Gentry and the players solicit donations outside Sportsman's Warehouse on Lee Highway. MidwayUSA, an outdoors sports retailer, also supplied the school with guns to raffle off. Two or three years ago, Gentry posted on a forum for Smith & Wesson lovers, asking if anybody wanted to buy a ticket to support his team.

Knapp read the post and sent Gentry a private message. He wanted to buy tickets. He asked if he could also sell tickets around Inman, S.C., a suburban town of about 2,100 people north of Spartanburg. He sold tickets to his son, his co-workers, his barber.

Gentry said Knapp has raised about $10,000 through the raffles, but two weeks ago he did not have access to all of the receipts he sent Knapp. He did, however, provide the Times Free Press with copies of receipts showing $4,920 in 2016-17. Through matching grants, the Georgia Youth Shooting Sports Foundation gave the school another $8,770, and MidwayUSA gave the school an additional $4,920. All told, Knapp's fundraising over the last two years led to $18,610 for the team.

Camlic, on his reaction to Knapp's fundraising efforts: "I was just like, 'Wow. Wow. That's good.'"
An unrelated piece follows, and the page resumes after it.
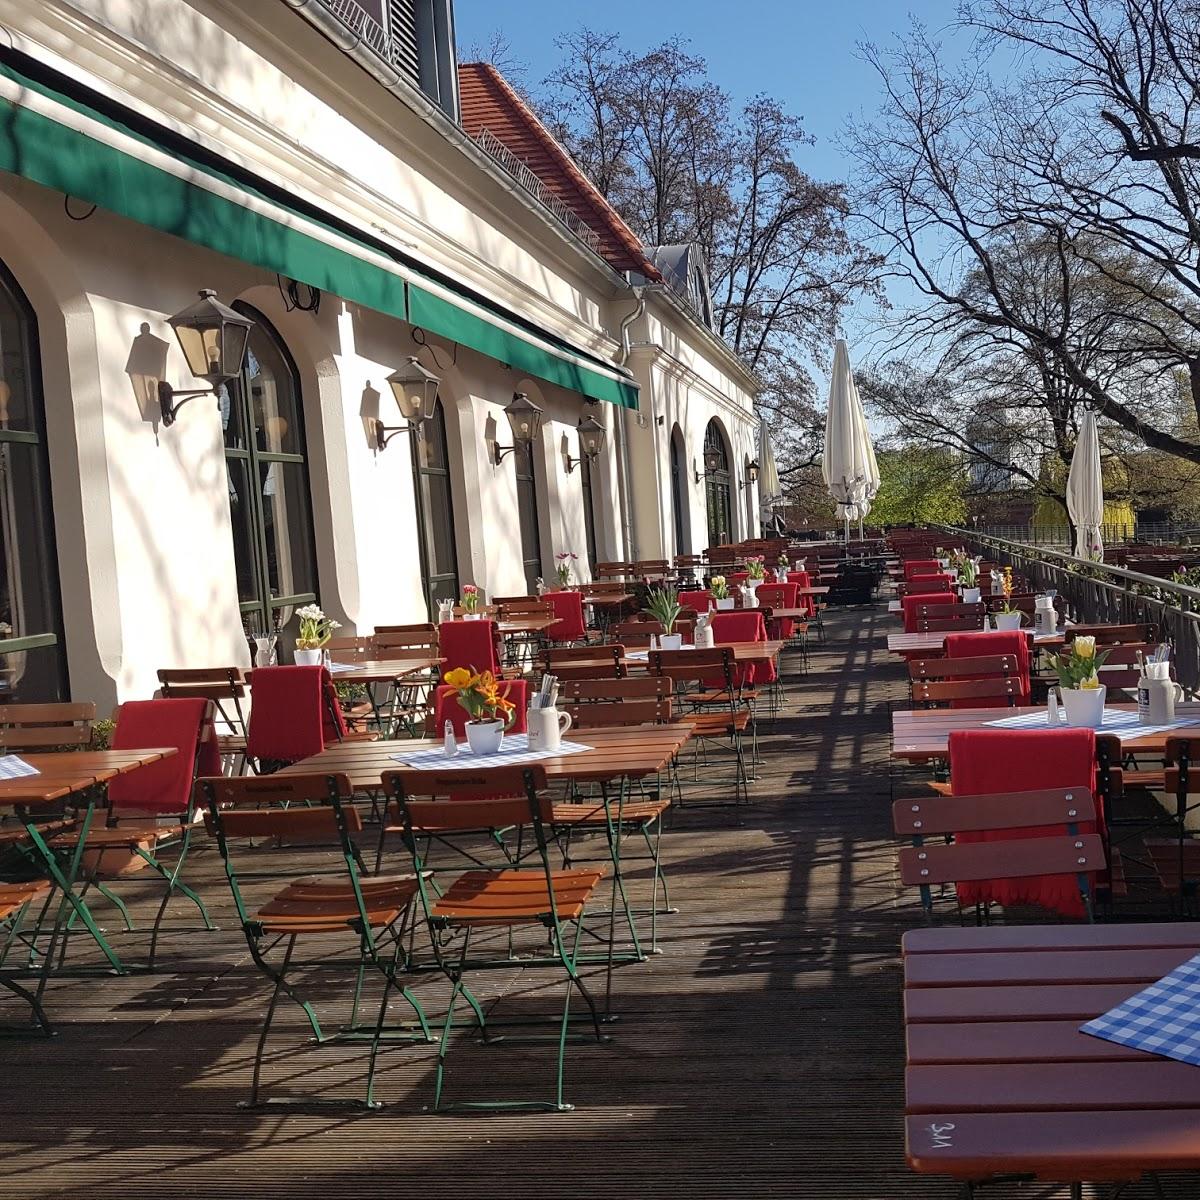 Restaurant "Zollpackhof" in  Berlin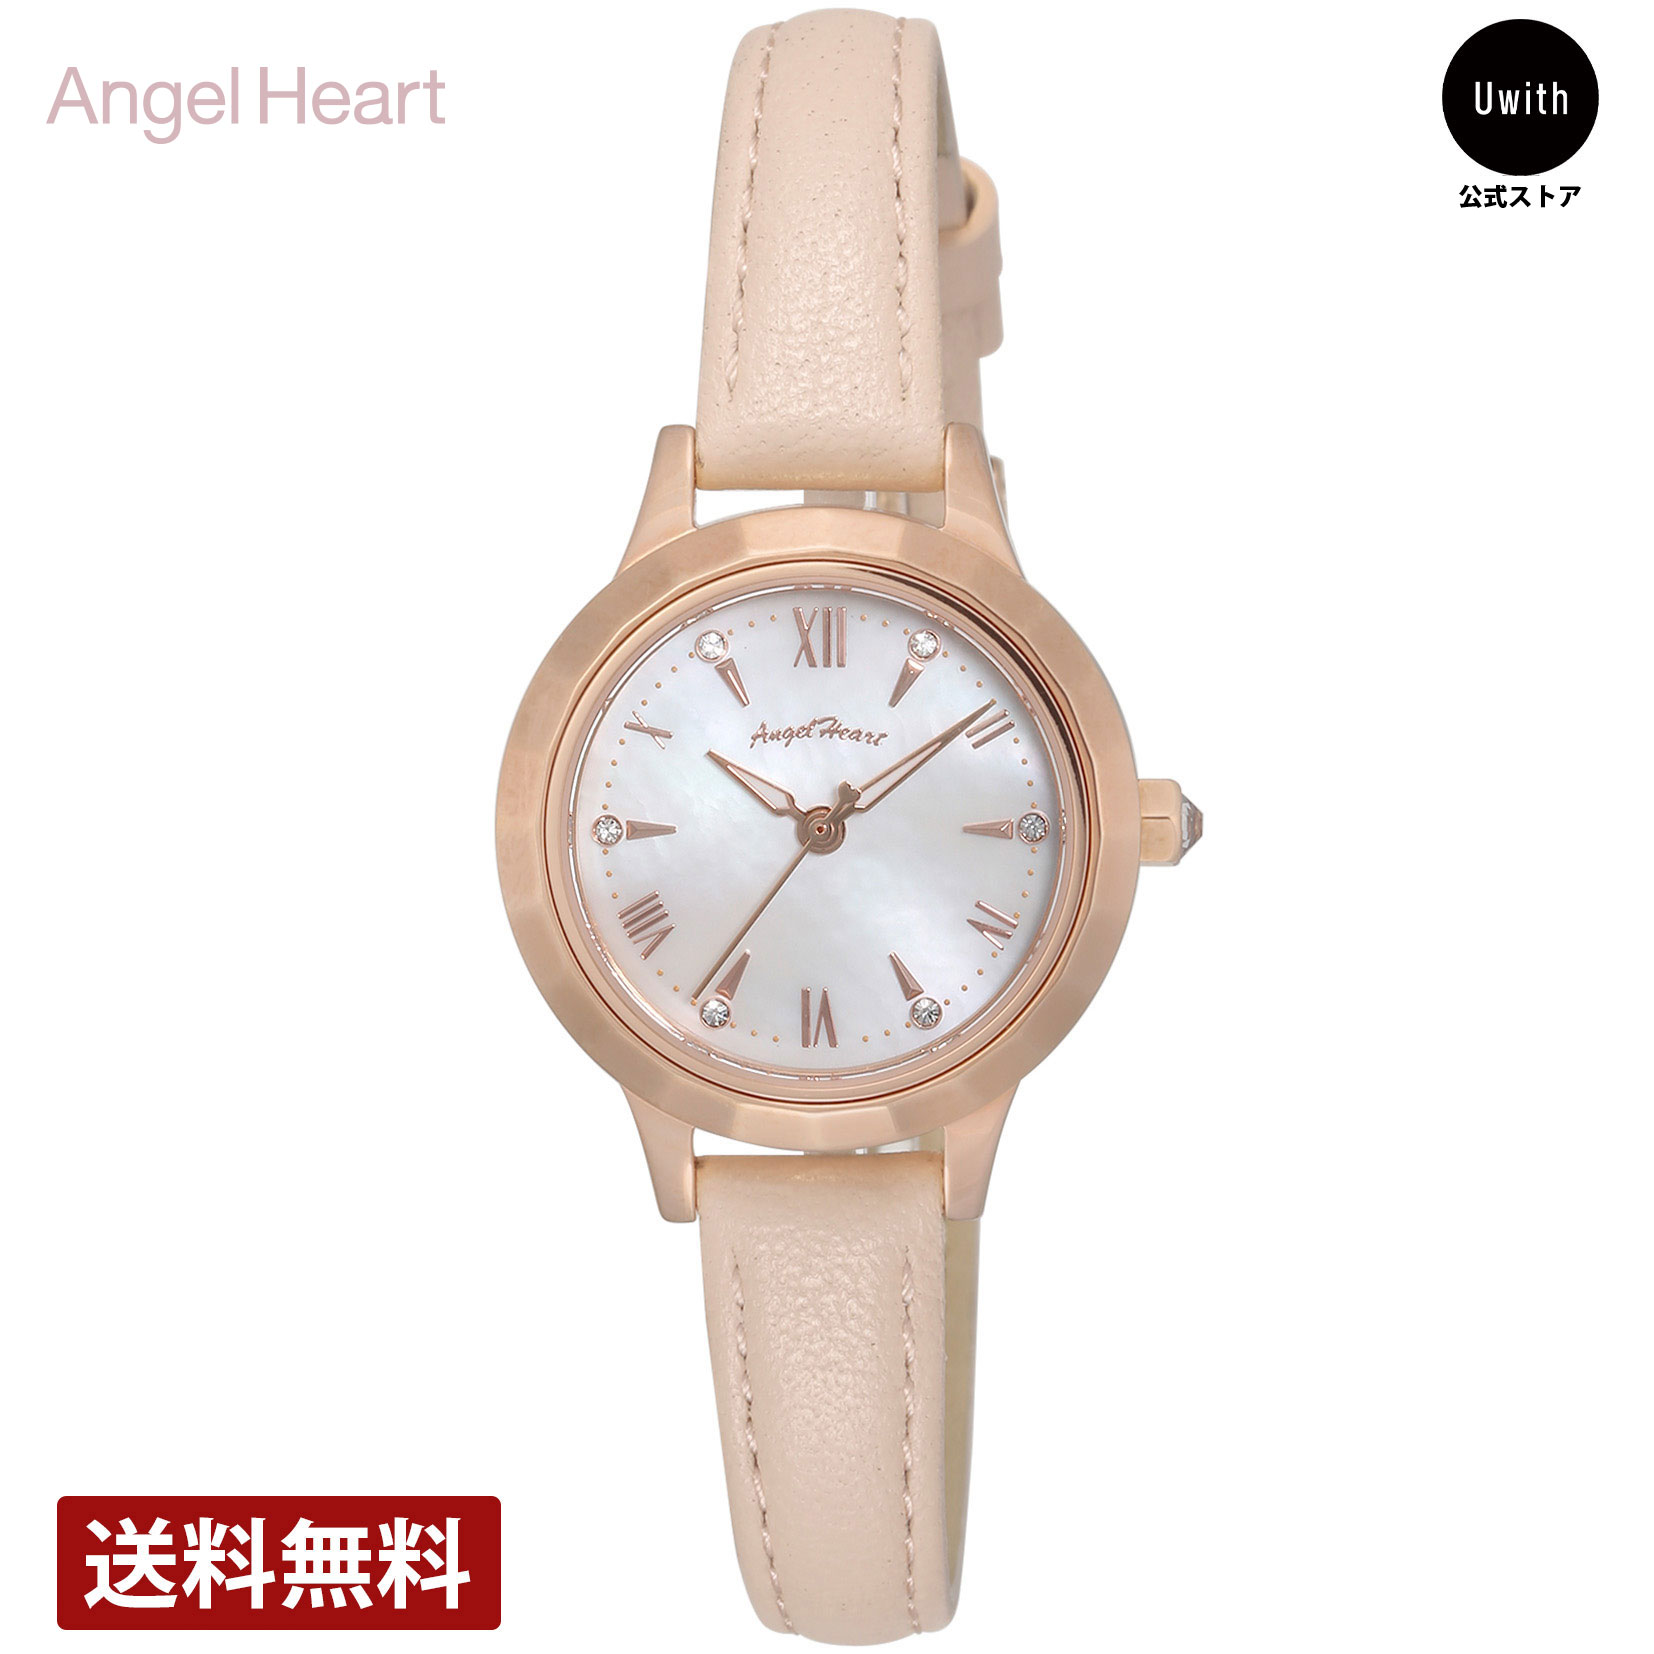 Angel Heart エンジェルハート レディース腕時計 日本製ムーブメントソーラークォーツ ホワイトパール WLS26P-PK 橋本環奈

His teammate, senior Tyler Atchison: "He's definitely a guy who raises a lot of money."

Knapp, 63, has never visited North Georgia. He also isn't a three-position air rifle enthusiast, though his oldest grandson participated in the sport. Knapp doesn't shoot too often himself. He usually hunts deer with family members around Thanksgiving, but for him the activity is mostly just an excuse to hang with the guys.

Still, he wanted to feel like he was helping some students.

He started reading the Smith & Wesson forum a couple of years back to learn about a .44 Magnum with a 5-inch barrel. He remembered his father, Gerald, a former police captain in Tallmadge, Ohio, had a gun like that before he died. Gerald used to lead a youth baton and drum corps to about 50 parades a year, Pete Knapp said. He also worked off-duty shifts at Lujan's, a burger joint popular among teenagers. His obituary listed him as the "moral compass for the children of Tallmadge."

Gerald used to bring Pete Knapp hunting for squirrels, rabbits and ducks. He brought the boy to the range, too, whenever he needed to qualify to carry a pistol with the police department. When he died in 2007, Gerald left the guns to his son.

"He was a pretty cool guy," Pete Knapp said.

He was asked why he wanted to support a team in a town he never visited.

"I hope they're getting grounded," he said. "It's not the military. But they've got to have some structure. Hopefully, they'll take the right path."